OMR: Breaking the barriers of time and space

One of the biggest difficulties that can be experienced when a university attempts to introduce summative computerised assessment is the problem of time and space.
Computerised summative assessment turns the workload balance associated with exams on its head. Traditionally marking finished exam papers was where the time costs were heaviest in the process for lecturers. The majority of the work effectively manifested at the end rather than during the development of the assessment itself. Computerised exams break this paradigm. Here the time costs are front loaded. Writing, building, testing and re-testing is the most work intensive phase of an assessment’s lifespan. The actual marking is done by the computer and results can be available almost instantaneously. No more weeks buried under piles of exam papers.

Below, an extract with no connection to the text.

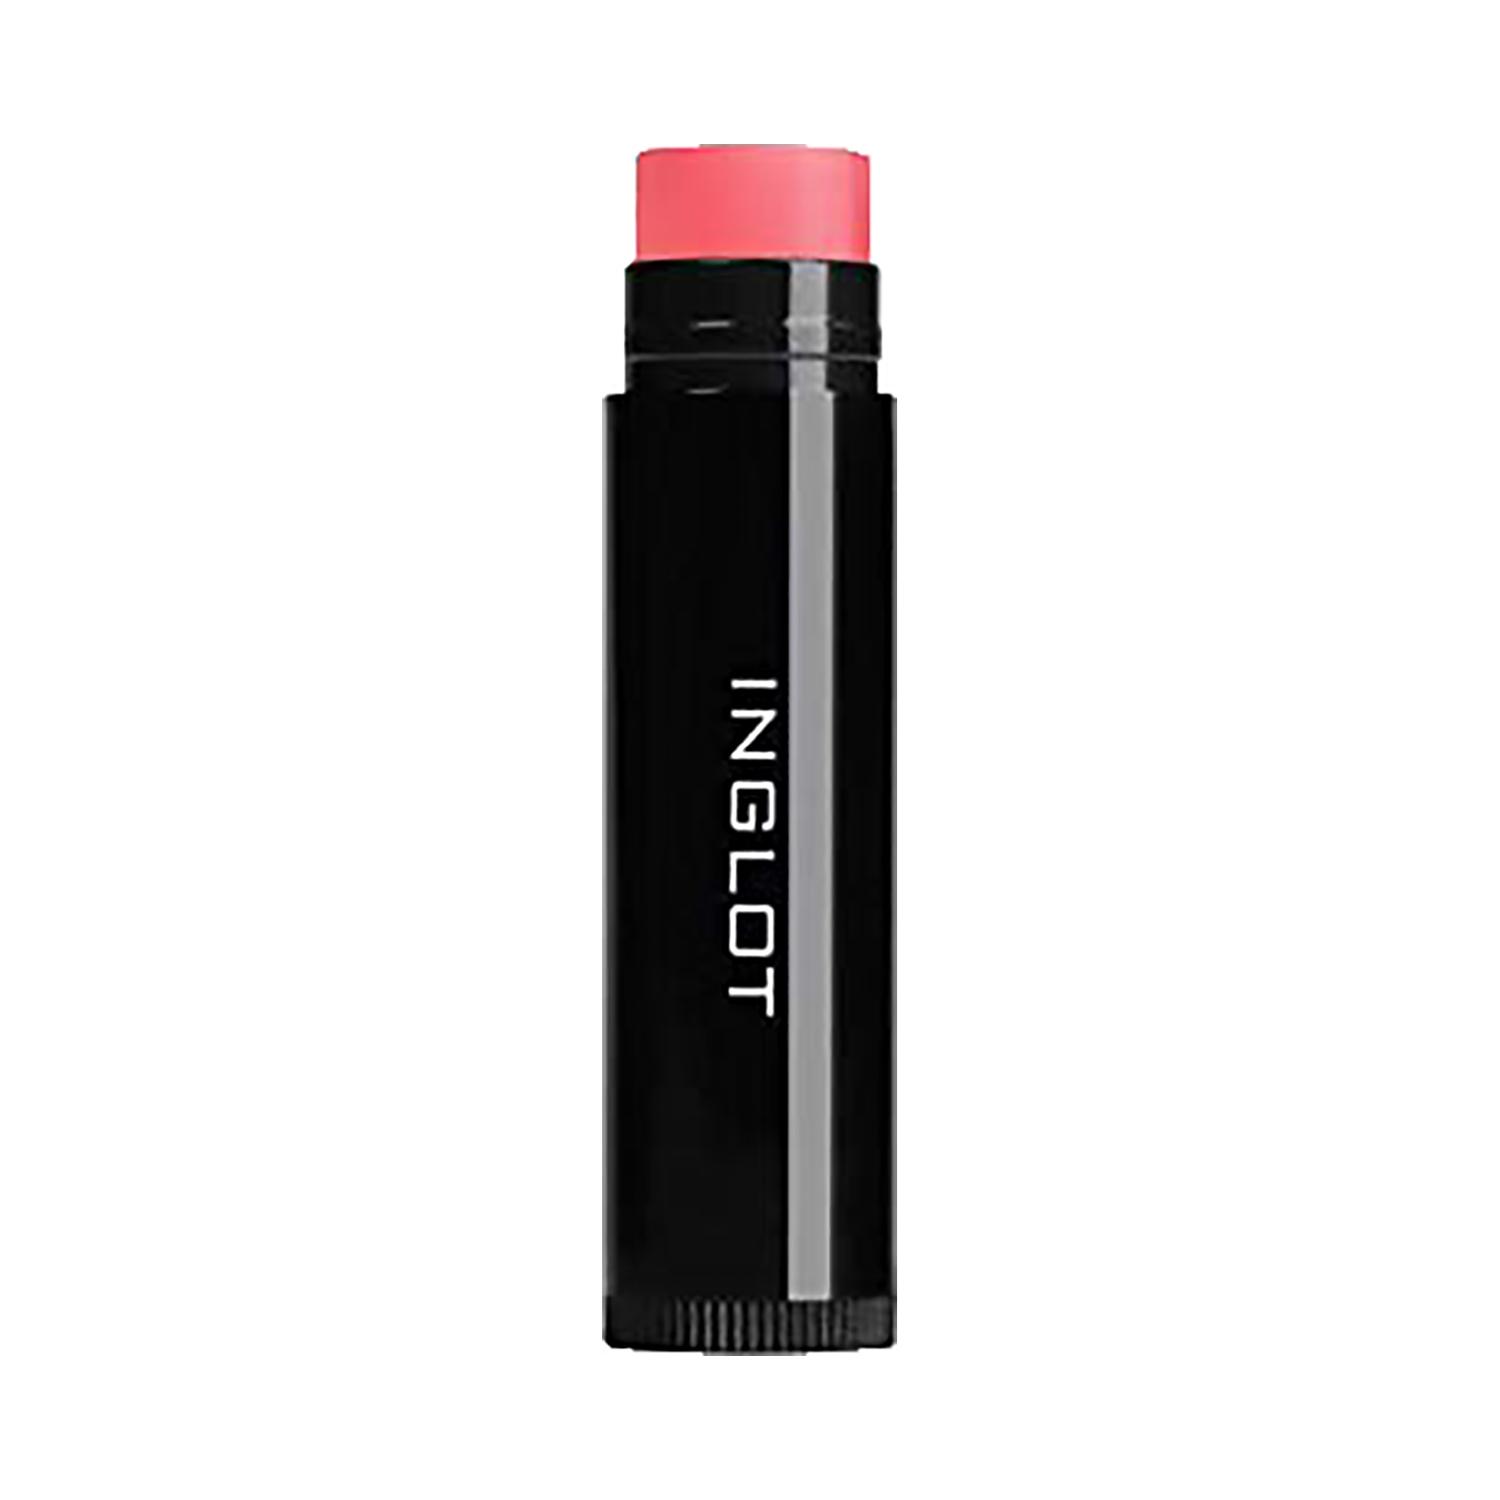 inglot rich care lipstick - 03 pink (5g)

As a consequence the big payoff that can be achieved with computerised assessments is dependent on the number of students taking an exam. All of the work done upfront constructing an assessment will be rewarded based on the volume of marking it eliminates. We have moved into the sphere of economies of scale. The restrictions of time and space are the major barriers to maximising this potential. Many universities do not have the computer suites required to accommodate the volume of students required to achieve big productivity gains while others may have the problem of finding times when facilities are not being used for other purposes such as teaching or revision sessions. The argument for using computerised assessments weakens under such circumstances as it become difficult to justify the amount of work required during development.

"Traveling through Time and diving into my Universe" by Cyril Rana

“Traveling through Time and diving into my Universe” by Cyril Rana

At Harper Adams University we have overcome these challenges using optical mark recognition (OMR) technology. This method combines traditional paper-based answer sheets with computerised marking rather than having students’ take exams directly via the computer. Students complete their answers to multiple-choice questions by filling-in bubbles on an exam paper. This can be done in a standard exam hall without the need for any computer facilities. Once the exam has concluded the papers are collated and fed through a multi-sheet Fujitsu image scanner. They are then uploaded into the university’s Questionmark Perception installation and a report generated that automatically marks the students’ answers. Using this method we have used computerised assessment with over 240 students in one exam. Inevitably students make all manner of weird and wonderful errors when filling-in the papers but any issues are identified and addressed during a follow-up with the primary lecturer. This rarely takes longer than an hour. Marking time costs are cut dramatically.

Using multiple choice exams does receive criticism by some authors. These suggest that these kind of assessments fail to test the deeper understanding required by higher education. However, at Harper Adams we have conducted extensive analysis of our students’ results using measures such as Cronbach’s Alpha. Based on the outcome we are confident that it is possible to write questions that test this level of knowledge. Obviously there are some more subjective subjects where this type of assessment will be inappropriate and it would be a mistake to force such round pegs into square holes. But with careful planning and a thorough understanding of the principles of assessment such problems should be avoided.

Looking to the future we have yet to find the maximum volume possible with this system but this year we plan to increase numbers even higher. There is no longer a need to fear the barriers of time and space.